When did so many in the home of the brave become such fraidy-cats and worrywarts? I could be way off-base here, but it sure seems to me more Americans are more afraid of more things nowadays than at any time I can recall. I get it, a lot’s changing around us, and change is hard. I get it, we’re being propagandized to death, constantly told to be afraid of this or that.
Whatever the cause, we’re afraid for our safety and security. Arm ourselves to the teeth on account of that fear. Build gated communities with home security systems and video surveillance.
We’re afraid to take chances. Carry that risk aversion around with us, affecting everything from our relationships to our career choices. We’re afraid to speak up. Keep deeply held convictions to ourselves for fear of some steep price that will inevitably have to be paid for outspokenness.
I’ve written before about growing up on the farm, how we didn’t have locks on our doors. I wrote about my dad returning from war, vowing never to pick up a gun again. Never did. When awakened in the middle of the night by the sounds of a suspected intruder or other disturbance, he’d grab a baseball bat and disappear into the darkness to restore order.
What happened to the kind of fearlessness I witnessed in him? Where’d it go? No answers to these questions come readily to mind, only more questions. Why should I, why should you, why should anyone fear starting over, or retiring? In the grand scheme of things, what’s the big deal with giving up a little comfort or prestige if it means making way for someone else to get theirs? What’s really lost?
Elusive explanations notwithstanding, all of this sure says a lot about the nation’s prevailing mood and how angst follows us around like a pestering younger sibling. It also suggests a miscomprehension of purpose, that thing we’re all taught to fear losing when we retire. It’s not work we happen to be doing at some point in time. My purpose is to become the person only I am capable of being, your purpose is to be uniquely you. You are one of a kind, so am I.
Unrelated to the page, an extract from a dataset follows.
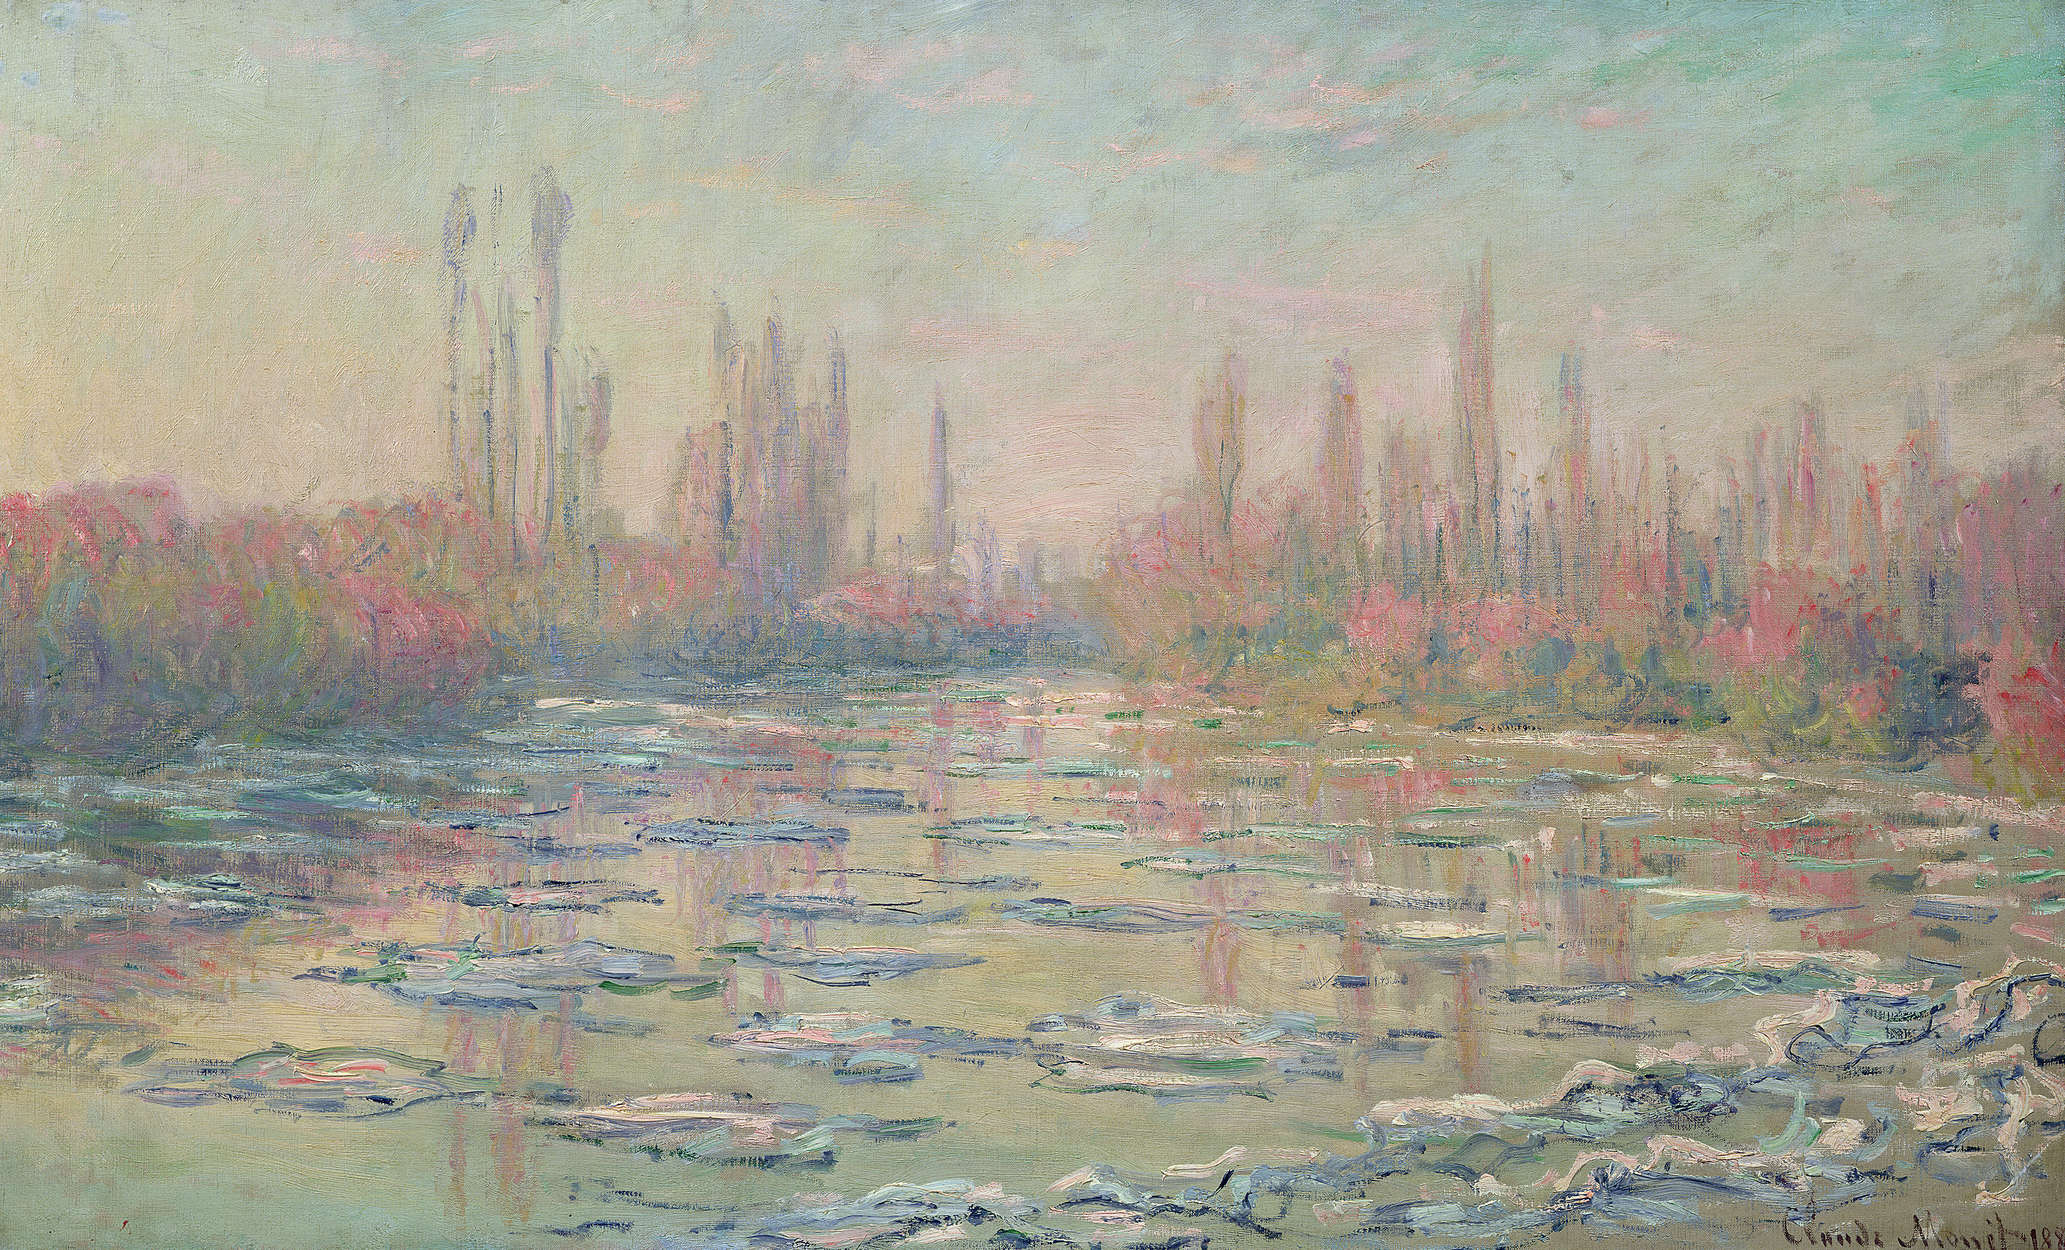             Papier peint panoramique "Le dégel de la Seine près de Vétheuil" de Claude Monet

Aging might come with some cracked branches and fallen limbs, but it doesn’t mean running out of leaves to turn over. When we move on from a job, we don’t leave our purpose behind. If we define our purpose only as the work we do, we don’t ever really get to know ourselves and become who we’re meant to be, and instead live in fear of losing what passes for purpose.
A past boss once asked me where I saw myself in five years. I knew she wanted to know if I had a plan, a career path mapped out for myself. I answered her lamely at the time. I know now what my answer should have been. I’ll be living purposefully, and that means fearlessly, wherever this person I’m becoming is needed most.